Records for the exercise Block Start

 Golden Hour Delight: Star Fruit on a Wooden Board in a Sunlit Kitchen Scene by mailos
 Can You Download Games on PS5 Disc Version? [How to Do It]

Records for the exercise Block End
Records for the exercise Block Start

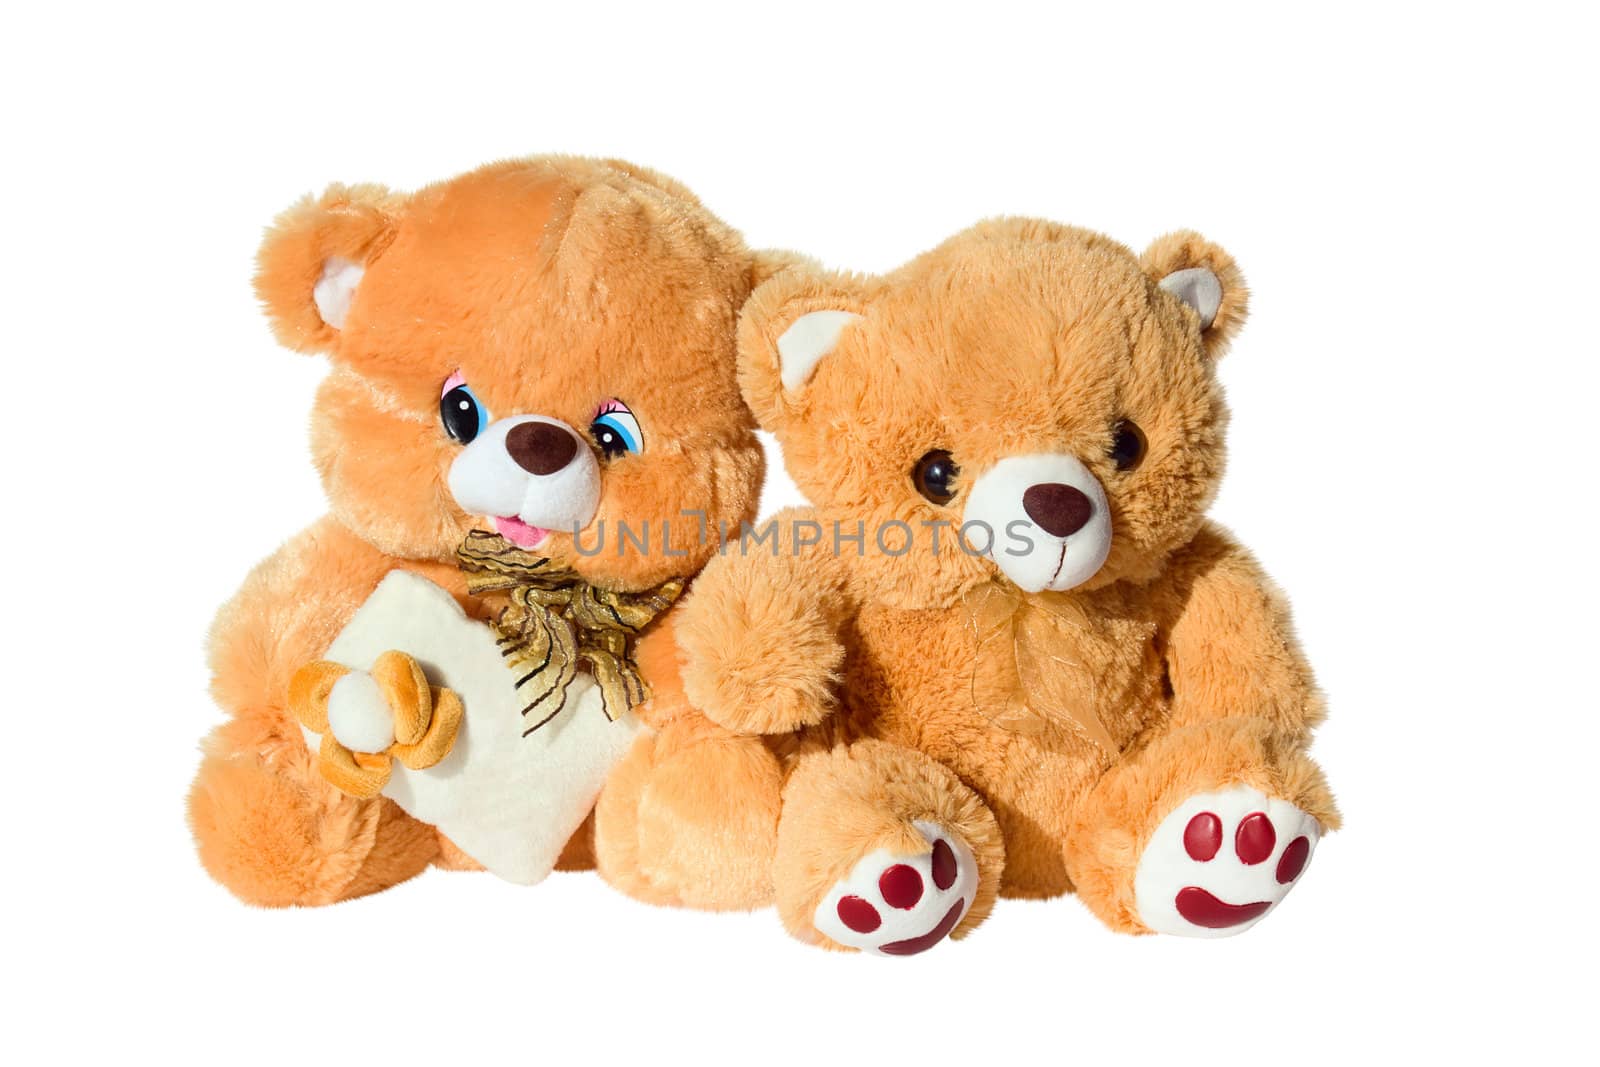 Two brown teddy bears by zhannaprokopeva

Records for the exercise Block End

Everything above from the line containing "Golden Hour Delight: Star" down to the line containing "Can You Download" should be copied exactly, both end lines included, and nothing else.

## [Your solution]
 Golden Hour Delight: Star Fruit on a Wooden Board in a Sunlit Kitchen Scene by mailos
 Can You Download Games on PS5 Disc Version? [How to Do It]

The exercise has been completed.